B. Aloka Wanigasuriya joins JiC for this post on the chances of Sri Lanka achieving justice and accountability for atrocities committed during the country’s civil war. This piece coincides with the ten-year anniversary of the end of the war. Aloka is an Australian lawyer and a PhD scholar at the Faculty of Law, University of Copenhagen (Denmark).

Instead of being prosecuted for alleged war crimes, Shavendra Silva was recently appointed to Sri Lanka’s second-highest army ranking (Photo: Reuters)
In May 2019, Sri Lanka marked ten years since the end of its civil war that raged for nearly three decades between government troops and the guerrilla force, Liberation Tigers of Tamil Eelam (LTTE). An estimated40,000 civilians perished during the final offensive, which lasted from January to May 2009, and allegations emerged of the commission of serious international crimes by both parties to the war.

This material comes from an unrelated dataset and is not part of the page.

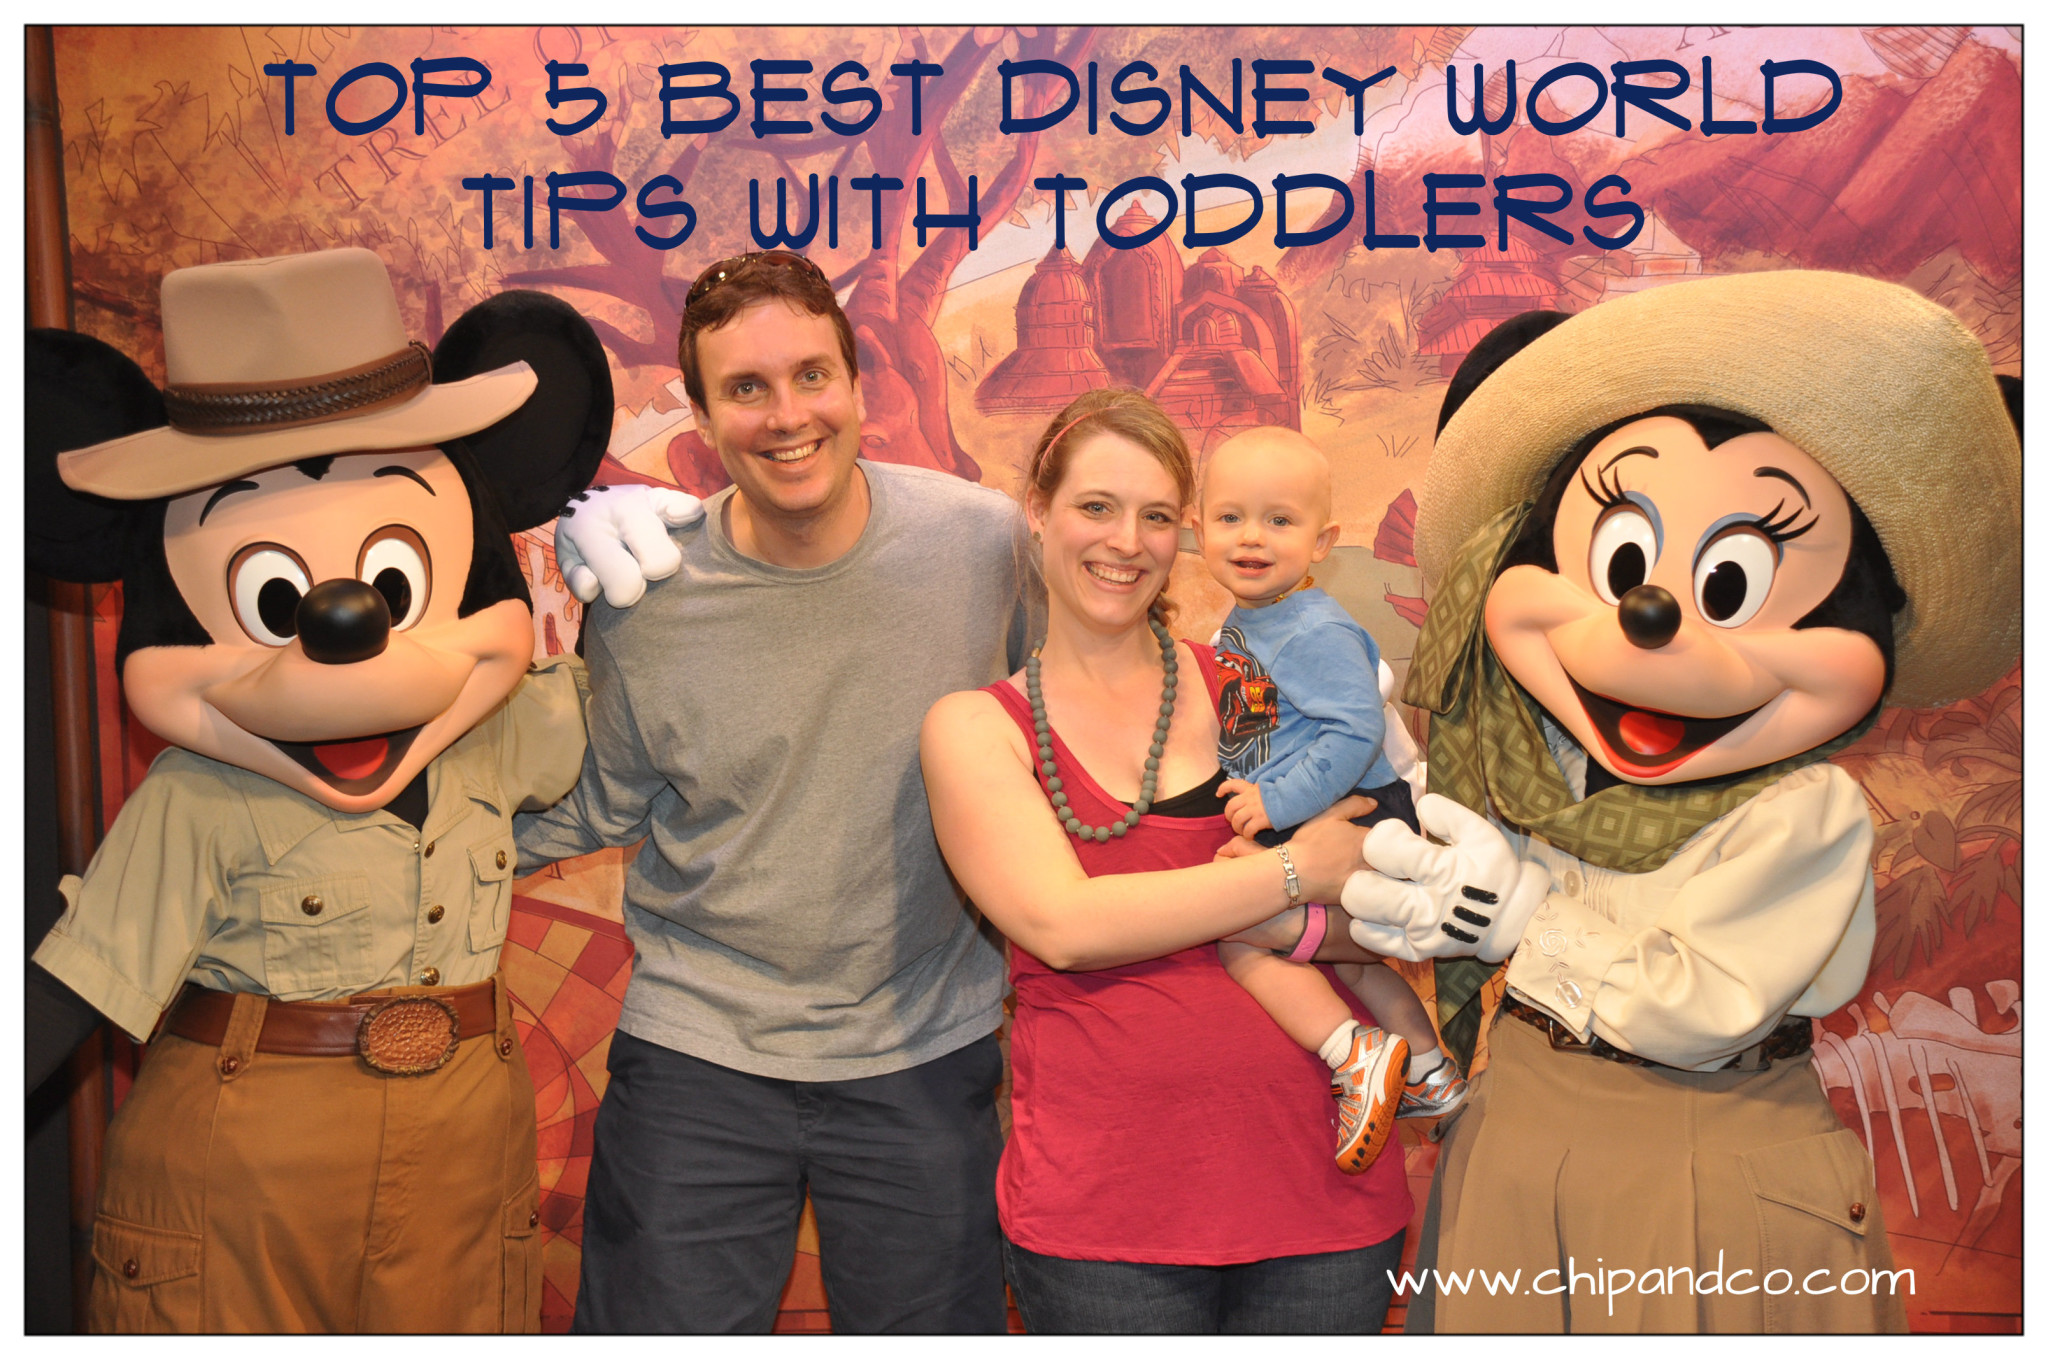 Top 5 BEST Disney World Tips with Toddlers
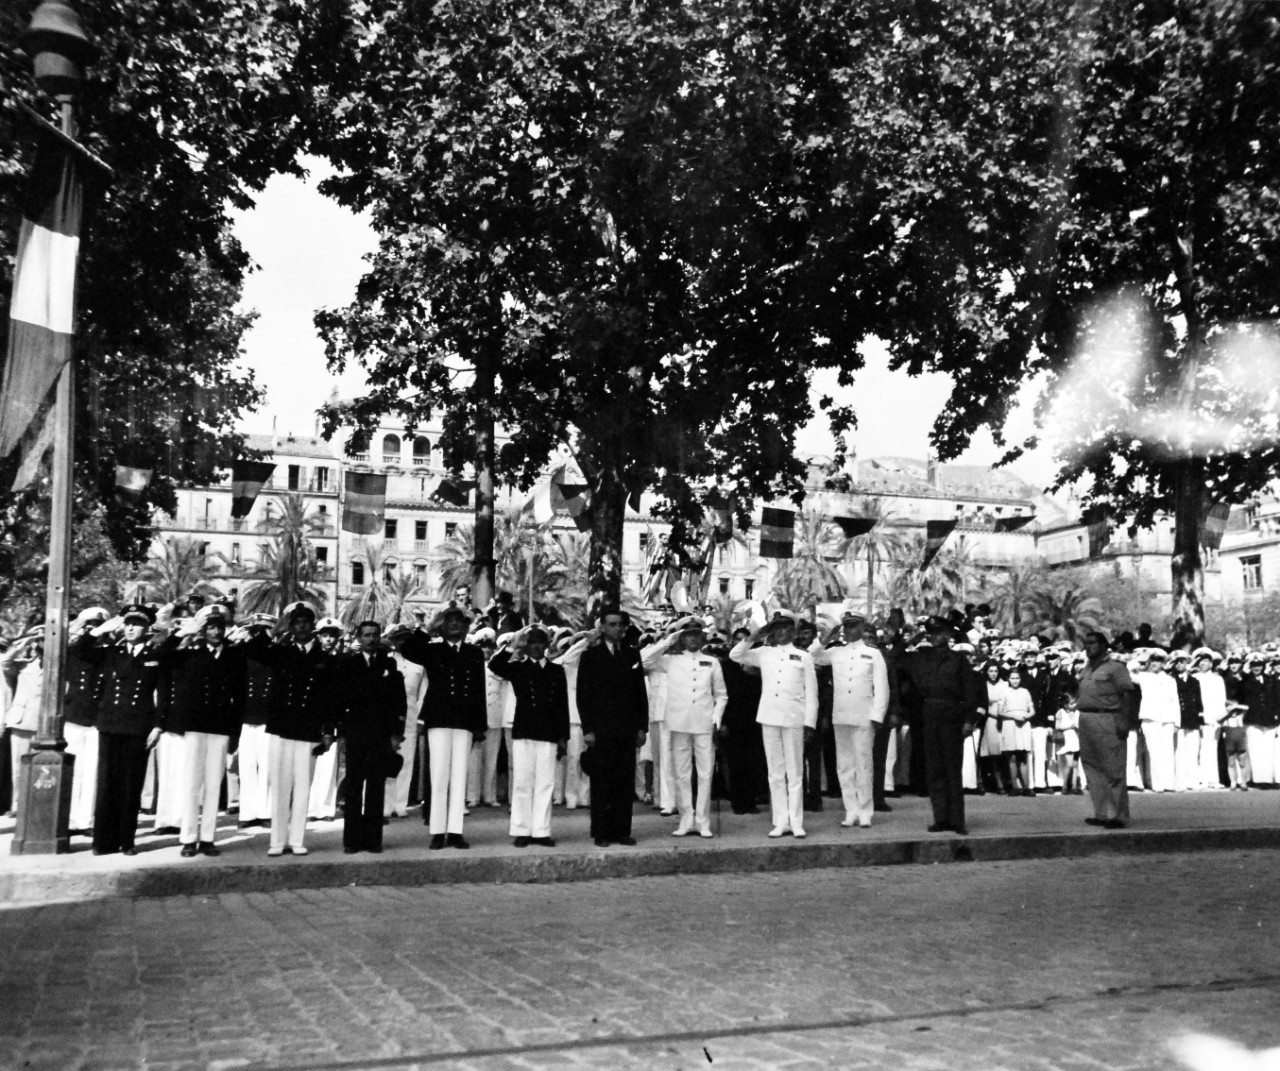 80-G-364102:   Invasion of Southern France, Toulon, August-September 1944.   Allied Naval Commanders of the Mediterranean join in victory celebration at Toulon, France, 14 September 1944.  Salute to colors, left to right:  Director of Engineering, Kohn; Rear Admiral Janyard; Rear Admiral Auboyneau; M. Jacquinot, Secretary of Navy; Admiral Sir John H.B. Cunningham, RN; Vice Admiral H. Kent Hewitt, USN; and Rear Admiral Lyal A. Davidson.  Taken by crew of USS Catoctin (AGC-5).   Official U.S. Navy Photograph, now in the collections of the National Arcchives.    (2014/7/10).

Calls to establish a UN-mandated international justice mechanism to investigate the alleged international crimes appear to have fallen on deaf ears. As Sri Lanka has not ratified the Rome Statute it is not subjected to the jurisdiction of the International Criminal Court (ICC). Therefore, the ICC cannot currently prosecute alleged crimes committed in Sri Lanka. The only avenue for ICC prosecution is through a UN Security Council referral of the situation to the Court – and the chances of that happening are slim to none. No domestic prosecutorial avenues exist for seeking criminal justice for these alleged international crimes. Since the end of the war, several attempts have been made by victims and human rights groups to bring the alleged perpetrators of these crimes to justice either through utilizing the national laws of other states not party to the conflict (for example through filing civil suits) or through the application of universal jurisdiction. However, due to a host of political reasons, the current possibilities of accountability look bleak.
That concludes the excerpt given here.